Ihm wird nachgesagt, schnelle Neuwahlen anzustreben. Laut Umfragen würde ein neuer Urnengang an der Lage aber nicht viel ändern.
Nach zwölf Jahren erstmals Mehrheit eingebüßt
Bei der Wahl im Juni hatte die Regierungspartei AKP von Erdogan und Ministerpräsident Ahmet Davutoglu nach mehr als zwölf Jahren der Alleinregierung ihre Mehrheit im Parlament eingebüßt. Bis zum 23. August haben die Politiker Zeit, eine Regierung auf die Beine zu stellen. Doch das gestaltet sich schwierig. Die Kurdenpartei HDP scheidet für Davutoglu als Partnerin von vorneherein aus – die AKP wirft der HDP vor, als Befehlsempfängerin der verbotenen kurdischen Rebellenorganisation PKK an der jüngsten Eskalation der Gewalt mit Anschlägen und Luftangriffen mit Schuld zu sein. Die Nationalistenpartei MHP will mit der AKP nicht koalieren.

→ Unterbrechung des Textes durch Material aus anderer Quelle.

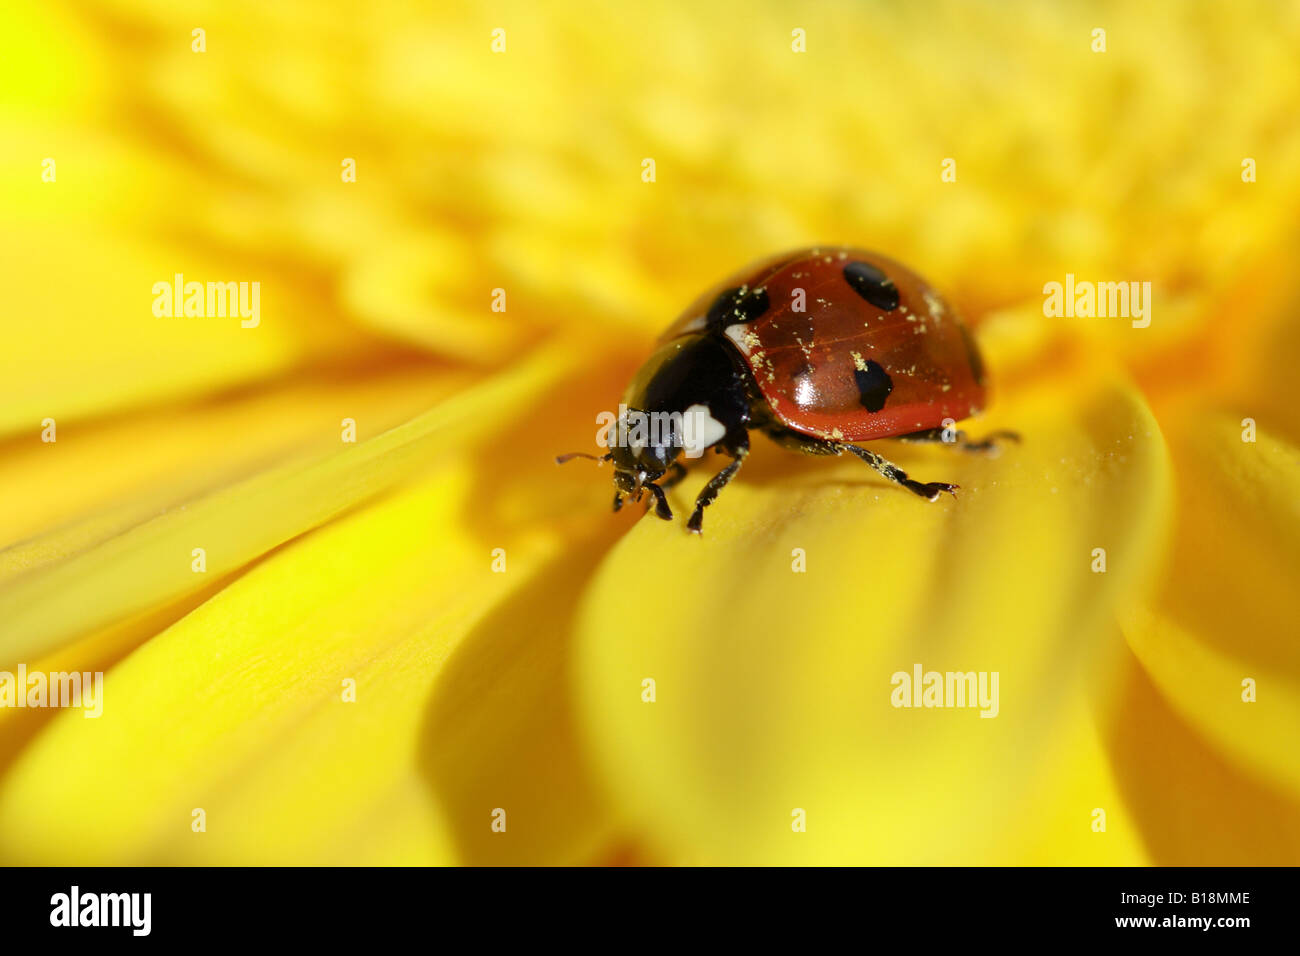 Lady bug walking on yellow gerber daisy flower Stock Photo

Ex-Präsident Gül für Elefantenhochzeit
Bleibt die Variante einer großen Koalition aus AKP und der säkularen Oppositionspartei CHP, die von der Wirtschaft und auch von Politikern wie Ex-Präsident Abdullah Gül favorisiert wird. AKP-Mitbegründer Gül sprach sich für die Elefantenhochzeit aus, weil so eine sehr stabile Regierung gebildet werden könne. Dabei verwies er ausdrücklich auf das Beispiel Deutschland.
Rund 30 Stunden lang haben Delegationen von AKP und CHP in den vergangenen Wochen miteinander verhandelt. Dabei seien viele Übereinstimmungen, aber auch viele Differenzen festgehalten worden, sagte CHP-Unterhändler Haluk Koc. Doch das eigentliche Problem sieht die CHP nicht in Sachfragen, sondern im Präsidentenpalast. “Herr Davutoglu will wirklich eine Regierung bilden und die Probleme des Landes lösen”, sagte CHP-Chef Kemal Kilicdaroglu. “Aber die Person im Präsidentenpalast erlaubt das nicht.”
Erdogan spricht oft von Scheitern der Gespräche
Offiziell unterstützt Erdogan, der in der AKP nach wie vor die Zügel in der Hand hält, zwar das Ziel einer stabilen Regierungskoalition. Aber er spricht in seinen öffentlichen Äußerungen verdächtig oft von einem Scheitern der Gespräche: “Wenn die Politiker das Problem nicht lösen können, dann wird das Volk es lösen”, sagte er mehrmals in den vergangenen Wochen. Sollte bis zum 23. August keine Regierung ausgehandelt sein, kann der Staatspräsident Neuwahlen ansetzen, die innerhalb von drei Monaten stattfinden müssen. Allgemein wird mit einem Wahltermin Ende November gerechnet.
Laut Presseberichten hofft Erdogan, dass die AKP bei einer Neuwahl die Parlamentsmehrheit wieder erobern könnte – und dass er dann doch noch sein Ziel eines Präsidialsystems verwirklichen kann. Kritiker sehen das jüngste Vorgehen Ankaras gegen die PKK und die Aufkündigung des Friedensprozesses mit den Kurdenrebellen als Versuch Erdogans, die HDP unter die für den Parlamentseinzug entscheidende Zehnprozent-Hürde zu drücken und gleichzeitig nationalistische Wähler für die AKP zu gewinnen. Die einzige Schuld seiner Partei liege darin, im Juni 13 Prozent erhalten zu haben, sagte HDP-Chef Selahattin Demirtas.
Davutoglu soll die AKP-Basis bereits auf Neuwahlen eingeschworen haben. Behlül Özkan, Politologe an der Istanbuler Marmara-Universität, geht davon aus, dass Erdogan und Davutoglu bis zu den Neuwahlen mit einer AKP-Minderheitsregierung weitermachen wollen. Demnach würde sich die AKP von der rechtsnationalen MHP im Parlament tolerieren lassen. “Die beiden Parteien arbeiten schon jetzt im Parlament zusammen”, sagte Özkan der Nachrichtenagentur AFP.
Zwei von drei Wählern wollen Regierung, keine Neuwahlen
Die Frage ist, ob Erdogans Plan aufgeht. Laut einer Umfrage wollen zwei von drei Wählern eine Regierung – und keine Neuwahlen. Mehrere Institute sagen voraus, dass die AKP bei einer Neuwahl erneut die absolute Mehrheit verfehlen würde. Dann müsste die Suche nach einer Koalition von vorne losgehen.